With the images removed, write out every line below exactly.

---------- THE DATA

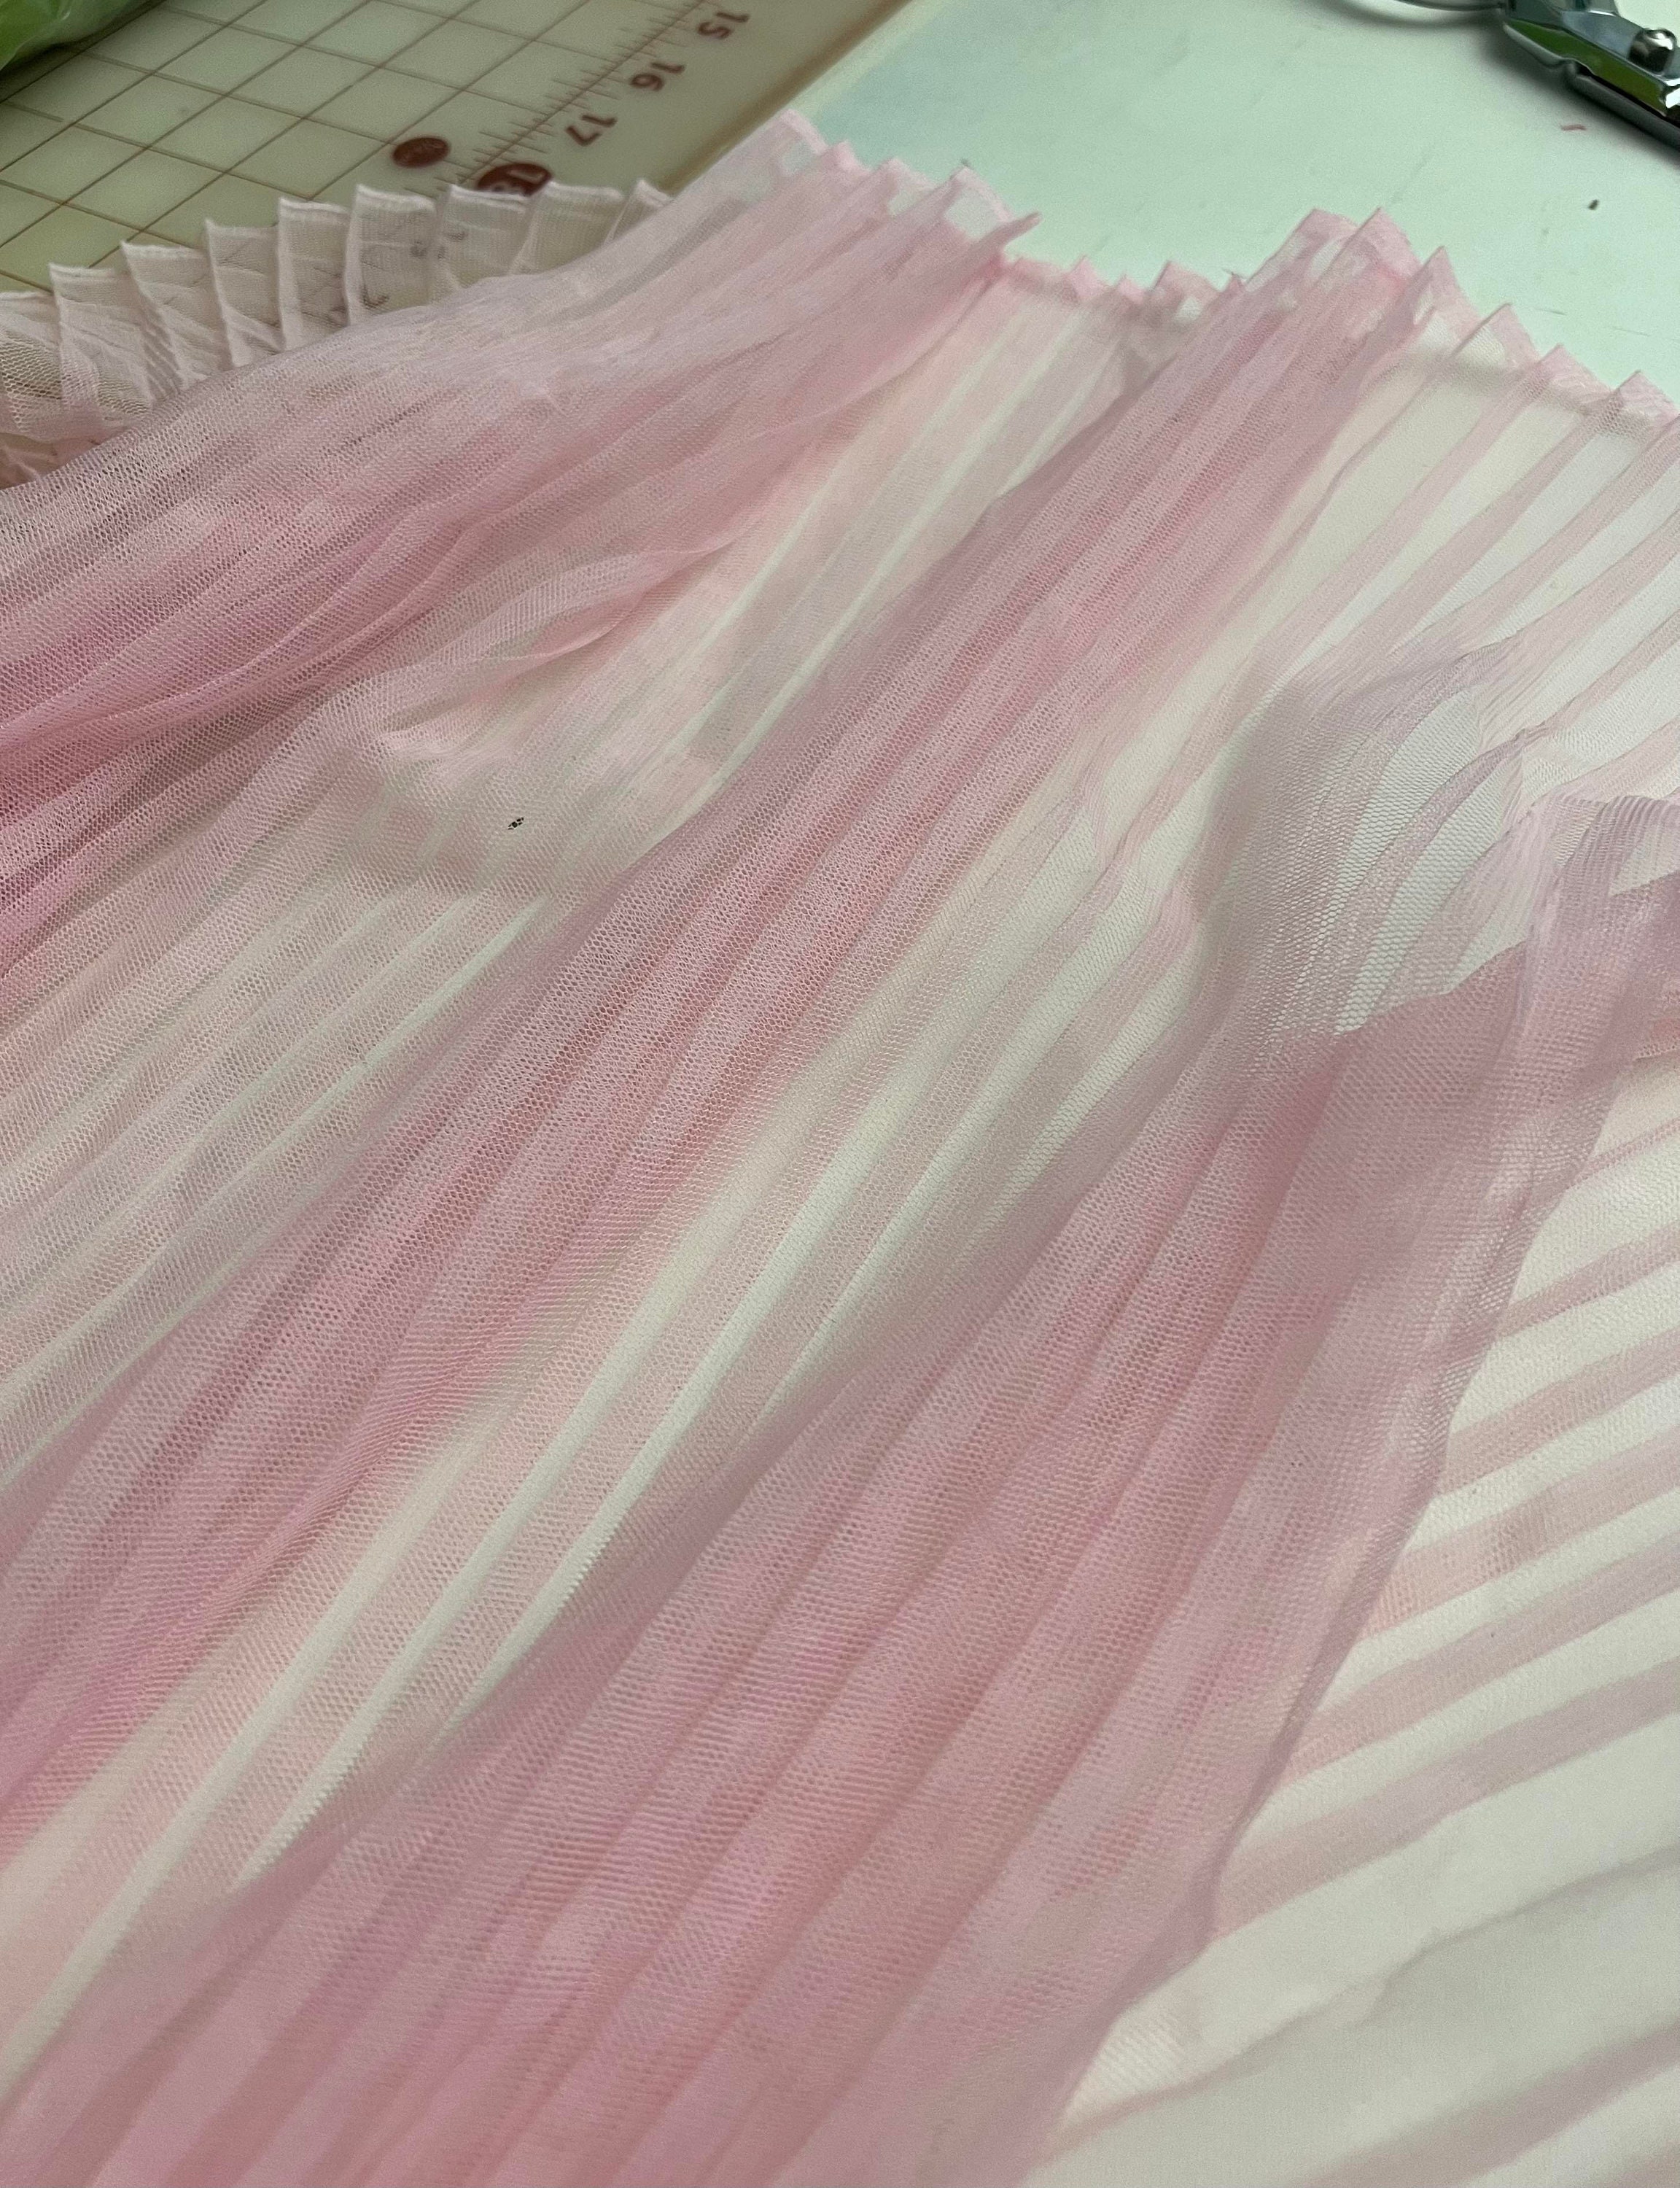 Dusty rose soft luxury tulle Wedding tulle material Tutu fabric Tulle net  fabric Tulle party decoration - 300 сm width #28
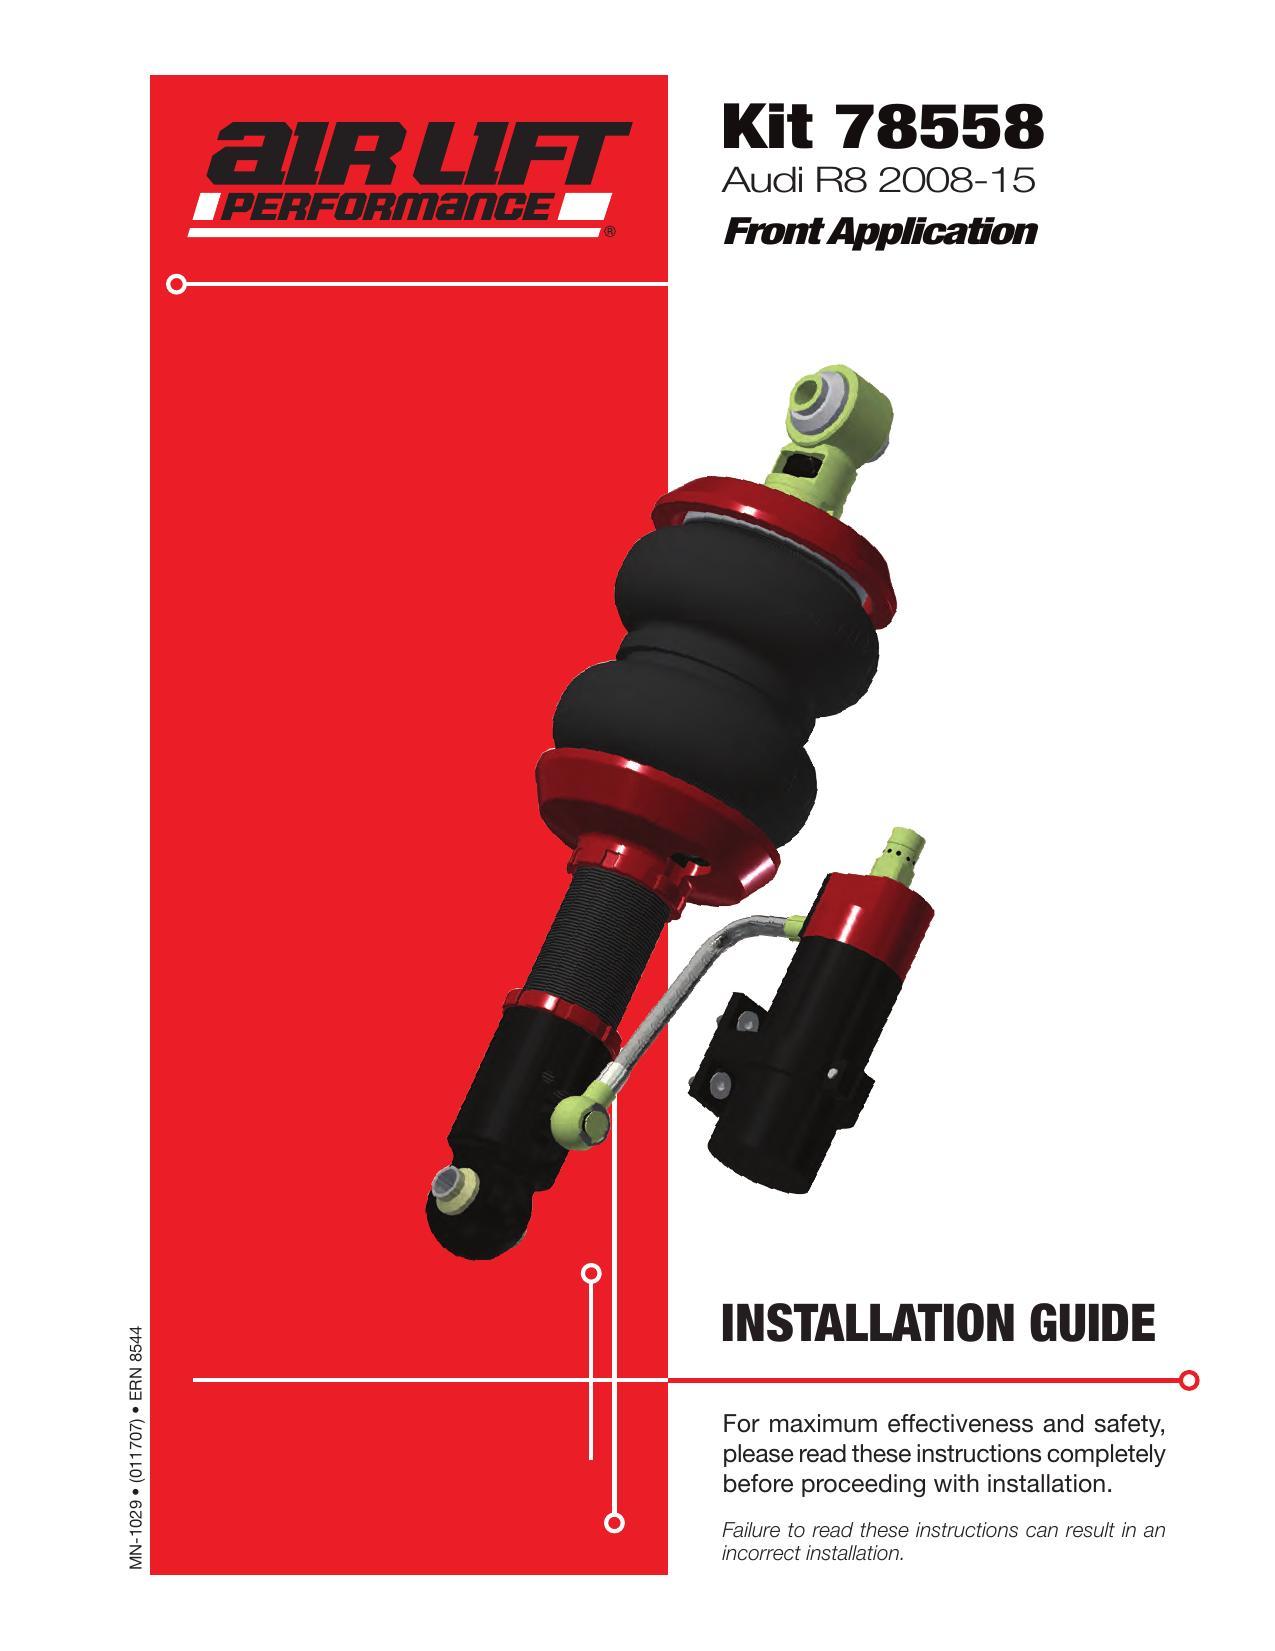 installation-guide-for-audi-r8-2008-2015-front-application.pdf
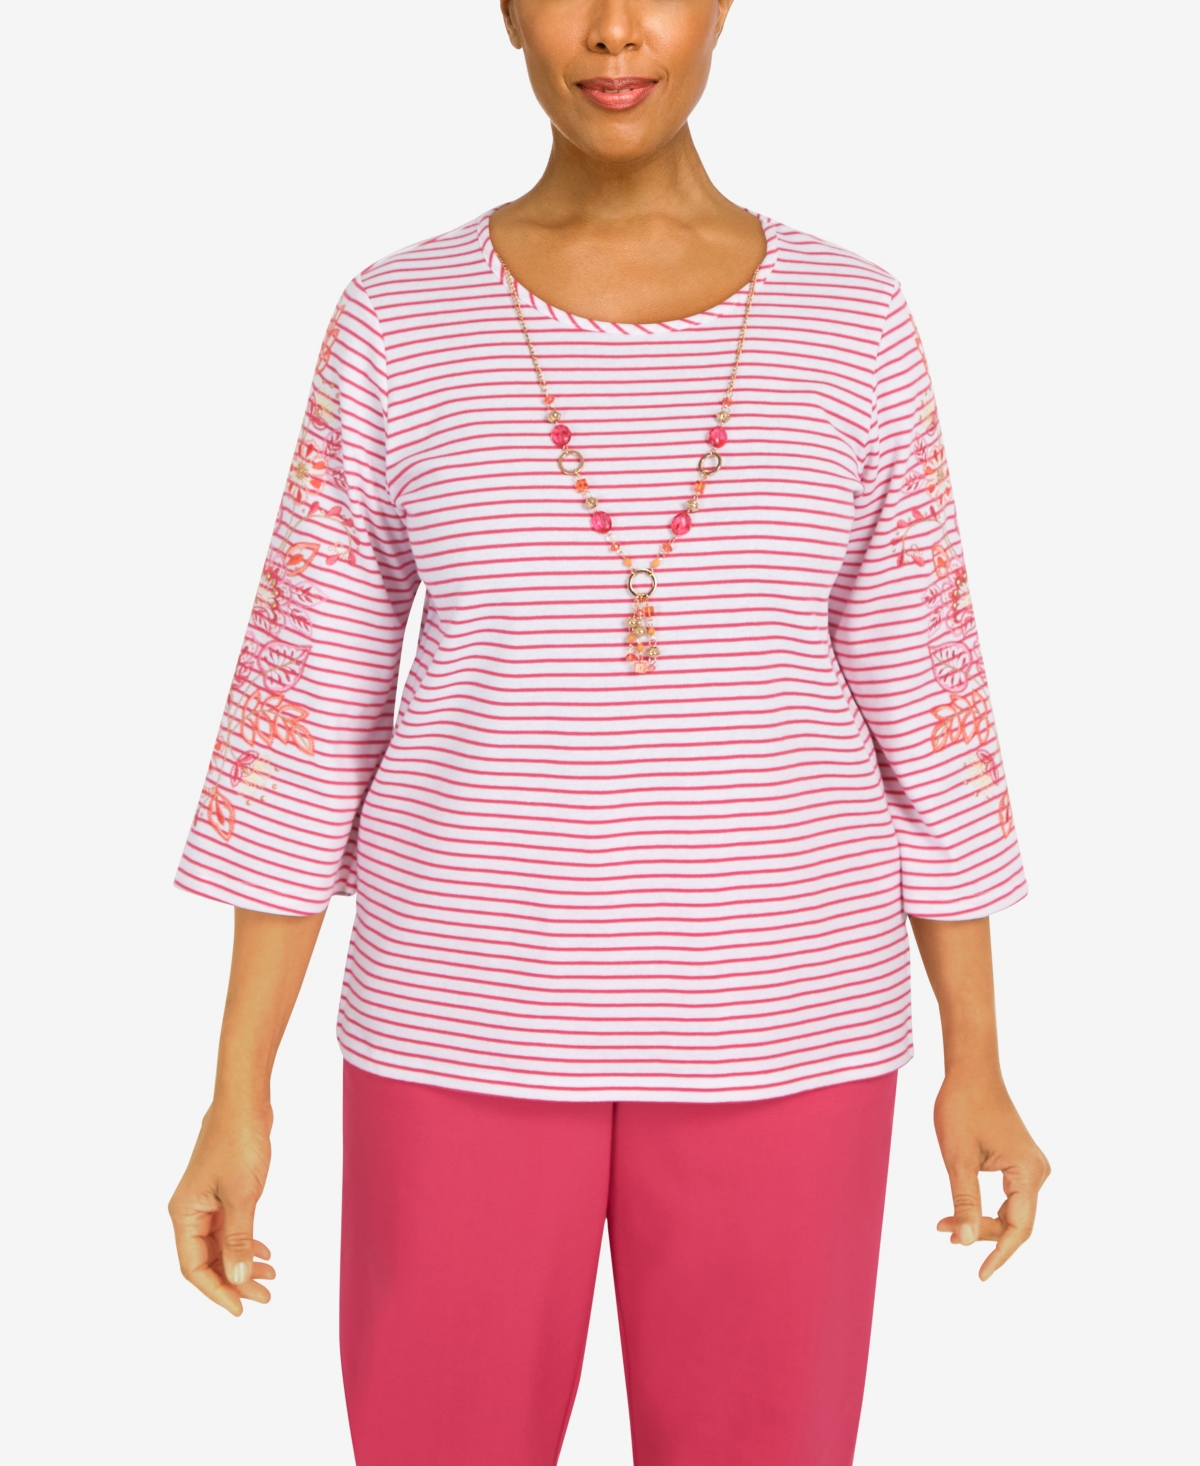 Alfred Dunner Women's Hot Stripe Embroidered Sleeve Top with Necklace

--------------------

** TASK RESPONSE **
 Dusty rose soft luxury tulle Wedding tulle material Tutu fabric Tulle net  fabric Tulle party decoration - 300 сm width #28
 installation-guide-for-audi-r8-2008-2015-front-application.pdf
 Alfred Dunner Women's Hot Stripe Embroidered Sleeve Top with Necklace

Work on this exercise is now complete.